Reputation: 2376
Assume, I have the following table:
random_string|end_location|substring
-------------|------------|---------
HappyBirthday| 4 |Happ
GoodBye | 5 |GoodB
NaN | NaN |NaN
Haensel | 2 |Ha
... | ... |...
This table represents the desired output. The initial input are just the first 2 columns. The question is: How do I get there elegantly? Rows without content should not be processed.
I tried the following:
df['random_string'].str[0:4] or [0:5]
The problem with this approach is that ALL strings will be cut to the same length which is not the desired outcome.
I tried:
for row in df.iterrows():
end = int(row[1]['end_location'])
df.loc[row[0], 'substring'] = row[1]['random_substring'][0:end]
This works but I feel is rather unelegant and inefficient. (How) (C/)can the above be performed in a more elegant - perhaps vectorized way. Maybe something with apply could work?
Upvotes: 2
Views: 242
Reputation: 294328
df
random_string end_location
0 HappyBirthday 4.0
1 GoodBye 5.0
2 NaN NaN
3 Haensel 2.0
Work with subset
d1 = df.dropna()
rs = d1.random_string.values.tolist()
el = d1.end_location.values.astype(int).tolist() # Thx @MaxU for `astype(int)`
df.loc[d1.index, 'substring'] = [s[:n] for s, n in zip(rs, el)]
random_string end_location substring
0 HappyBirthday 4.0 Happ
1 GoodBye 5.0 GoodB
2 NaN NaN NaN
3 Haensel 2.0 Ha
Timing
df = pd.concat([df] * 10**4, ignore_index=True)
%%timeit
mask = (df['random_string'].str.len() >= 0) & (df['end_location'] >= 0)

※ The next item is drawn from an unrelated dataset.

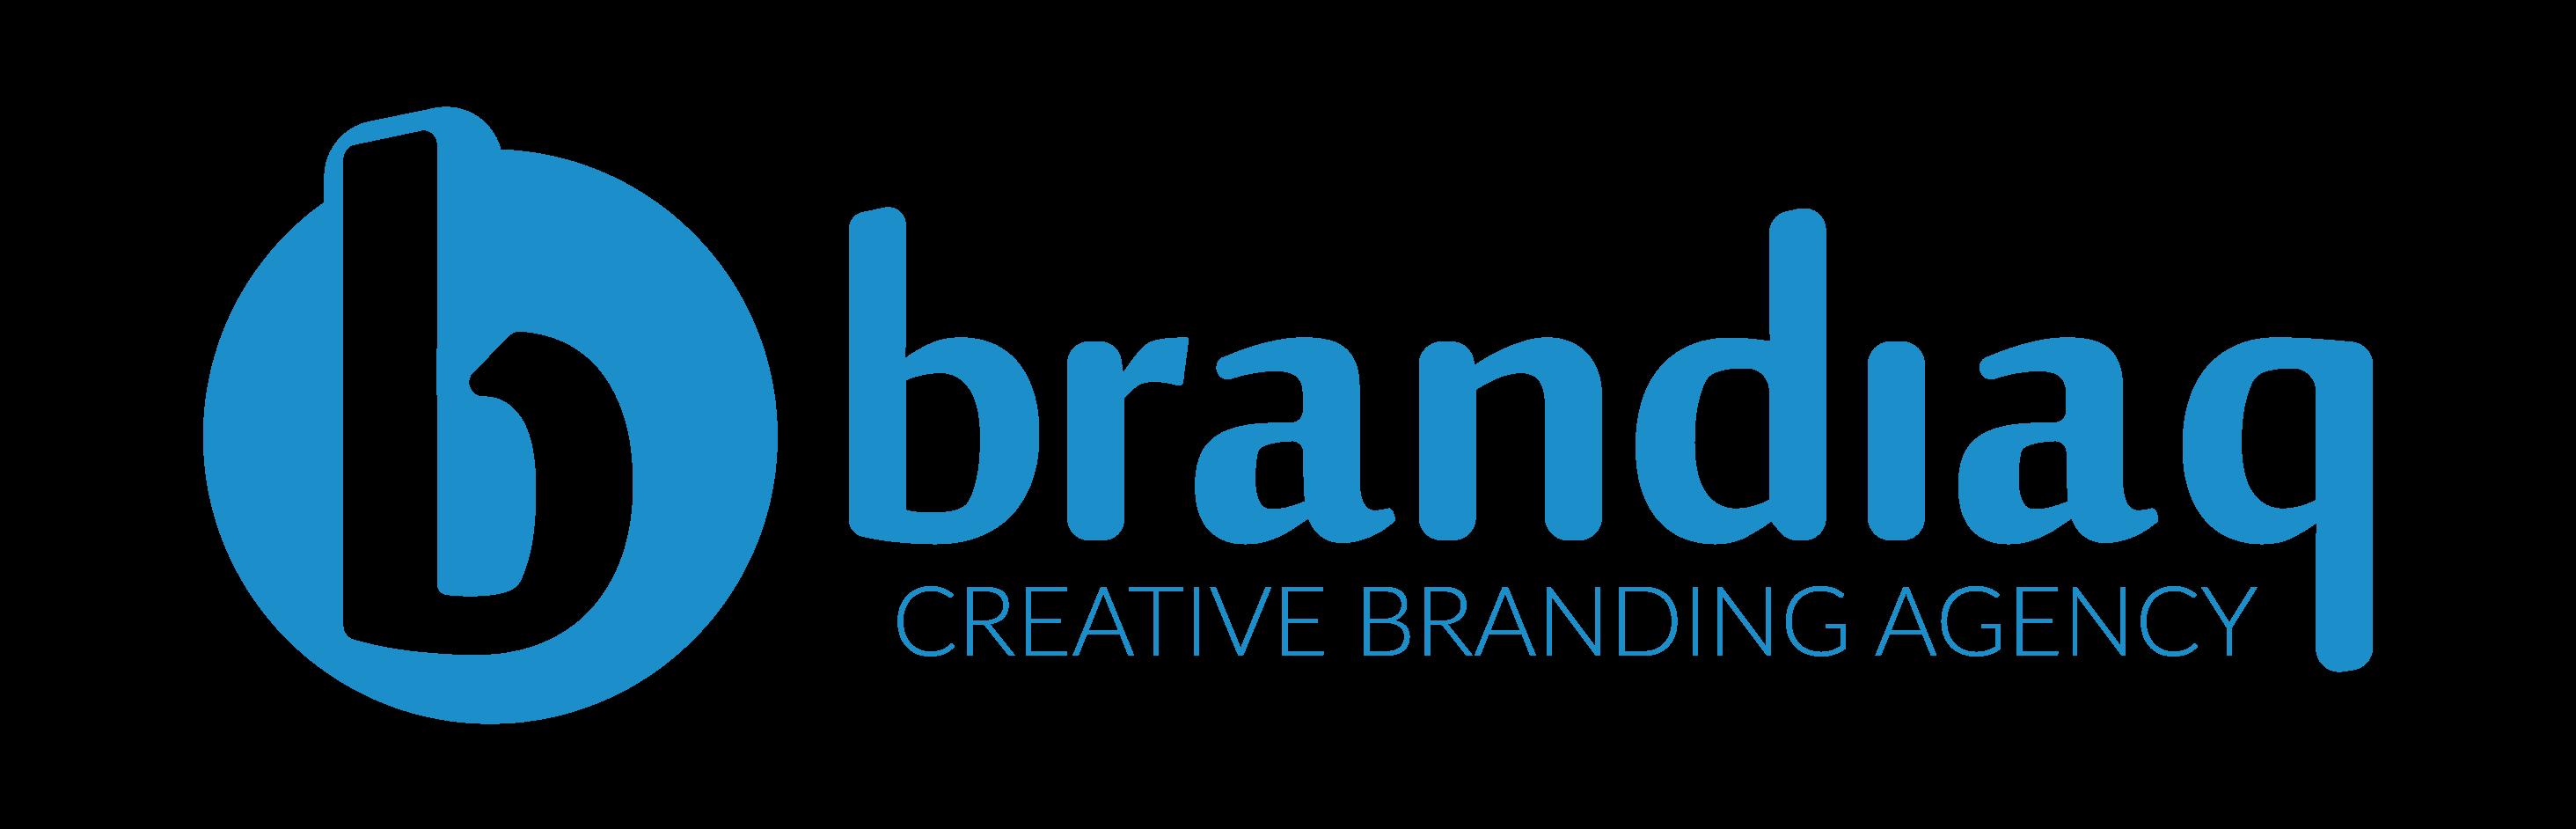 Creative Branding Agency

df.loc[mask, 'substring'] = [t[0][:int(t[1])] for t in df[mask].values.tolist()]
10 loops, best of 3: 26.1 ms per loop
%%timeit
d1 = df.dropna()
rs = d1.random_string.values.tolist()
el = d1.end_location.values.astype(int).tolist()
df.loc[d1.index, 'substring'] = [s[:int(n)] for s, n in zip(rs, el)]
10 loops, best of 3: 21.5 ms per loop
Upvotes: 2
Reputation: 210852
try this:
In [24]: df
Out[24]:
random_string end_location
0 HappyBirthday 4.0
1 GoodBye 5.0
2 NaN NaN
3 Haensel 2.0
In [25]: mask = (df['random_string'].str.len() >= 0) & (df['end_location'] >= 0)
In [26]: df[mask]
Out[26]:
random_string end_location
0 HappyBirthday 4.0
1 GoodBye 5.0
3 Haensel 2.0
In [27]: df.loc[mask, 'substring'] = [t[0][:int(t[1])] for t in df[mask].values.tolist()]
In [28]: df
Out[28]:
random_string end_location substring
0 HappyBirthday 4.0 Happ
1 GoodBye 5.0 GoodB
2 NaN NaN NaN
3 Haensel 2.0 Ha
Timing for a larger (40K rows) DF
In [179]: df = pd.concat([df] * 10**4, ignore_index=True)
In [40]: %%timeit
...: mask = (df['random_string'].str.len() >= 0) & (df['end_location'] >= 0)
...: [t[0][:int(t[1])] for t in df[mask].values.tolist()]
...:
10 loops, best of 3: 77.3 ms per loop
In [41]: df.shape
Out[41]: (40000, 2)
Upvotes: 2